卸妆棉擦过脸颊,带着卸妆水的清凉,杨震看着镜子里渐渐清晰的自己,长舒了口气。

    刚想说句“总算舒坦了”,办公室的门就被推开,张局揣着兜走了进来,肩上还落着点没拍干净的雪。

    “张局。”化妆组的人赶紧打招呼。

    杨震心里“咯噔”一下,瞅着张局那似笑非笑的眼神,就知道没好事。

    果然,张局的目光在他脸上打了个转,慢悠悠开口:“杨震啊,刚那妆卸了,现在眼神儿还行不?”

    “您什么意思?”杨震警惕地挑眉。

    张局嘴角勾着抹玩味的笑,冲化妆组抬了抬下巴,“你们几个,重新给季洁上妆,照着刚才那标准来。

    另外,再找三个身形跟季洁差不多的女警,一起化,妆面风格统一,发型也弄一样的。
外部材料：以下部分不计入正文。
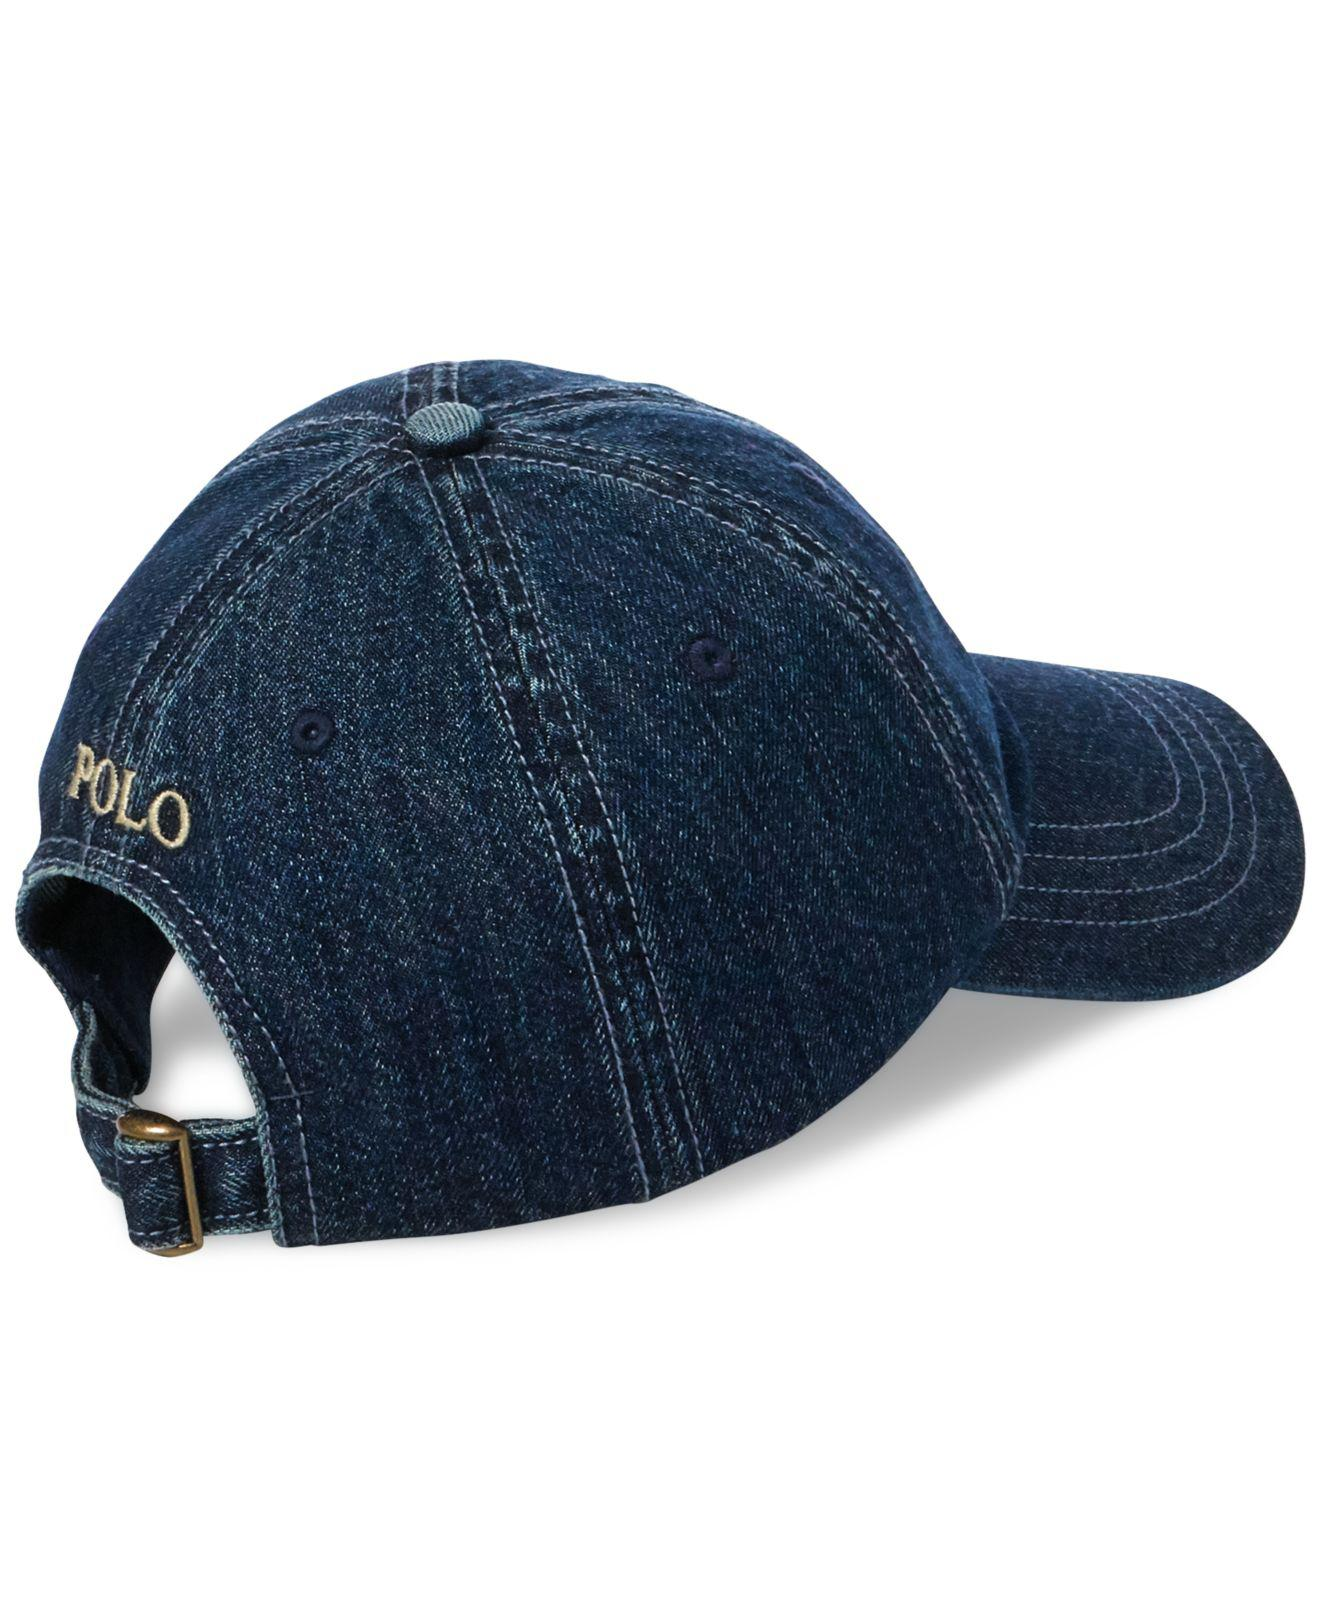 f735b263169 Polo  Lyst - Polo Ralph Lauren Denim Baseball Cap in Blue for Men 50% price  51786  Reversible Chino Bucket Hat ...

”

    他转头看向杨震,眼里的笑意更浓了,“我倒要看看,咱们杨局能不能从人堆里认出自己女朋友。”

    “张局,您这招是绝杀啊!”钱多多在一旁看得兴奋,忍不住插话,“万一杨局认错了,季警官晚上还能让他上床?”

    “钱多多!”杨震眼刀飞过去,恨不得把这小子的嘴缝上。

    钱多多嬉皮笑脸地往季洁身后一躲,探出半个脑袋,“杨局,我现在不怕你,我有季警官撑腰。”

    季洁被这俩人逗笑了,斜睨了张局一眼,“张局您这是看热闹不嫌事大啊。”

    “可不是嘛。”张局笑得更欢了,“不过也得试试,真到了接头的时候,秃鹫那边说不定就来这手。

    提前练练,没坏处。”

    他冲季洁眨眨眼,“杨震要是真认错了,怎么罚,你说了算。”

    “好啊。”季洁应得干脆,转头看向杨震,眼神里带着点挑衅,“怎么?你连我都认不出?”

    杨震瞬间像被点燃的炮仗,脖子都梗起来了,“谁说的?我肯定认得出!错了……

    错了任你罚,上刀山下火海,皱下眉算我输!”

    “这可是你说的。”季洁挑眉。

    “走了,杨震。”张局拽着他的胳膊往外拉,“让她们专心弄,咱们在外边等着。”

    他压低声音,跟杨震咬耳朵,“说实话,我还真有点好奇,你能不能认出来。”

    杨震被拽出门时,还回头冲季洁拍了拍胸脯,那架势,活像要上战场的将军。

    钱多多踮着脚扒在门框上,眼睛亮晶晶的,比谁都期待结果。

    办公室门关上的瞬间,季洁看着镜子里自己尚未完全卸干净的妆,忍不住笑了。

    这张局,明明是领导,有时候却像个爱捉弄人的小孩。

    不过……她摸了摸脸颊,心里也悄悄打起了鼓——杨震真能认出她吗?

    门外,杨震被张局按在走廊的椅子上,钱多多搬了个小马扎坐在旁边,三人排排坐,活像等着看戏的观众。

    走廊里的灯光落在他们脸上,映出三分期待,七分紧张。

    这场算不上考验的考验,竟比真刀真枪的案子,还让人提心吊胆。

    杨震掏出手机,指尖在屏幕上飞快敲打,将一串坐标和姓名发给钱多多,头也没抬地说:“黄山案的刀疤强,位置定在边境线附近,你马上联系国际刑警,让他们协助抓捕。”

    钱多多接过手机看了一眼,立刻立正,“好的杨局,我马上去办!”

    他转身要走,又像想起什么似的回头,双手叉腰,“您可别想支开我,这事儿三分钟就能办妥,我马上回来!”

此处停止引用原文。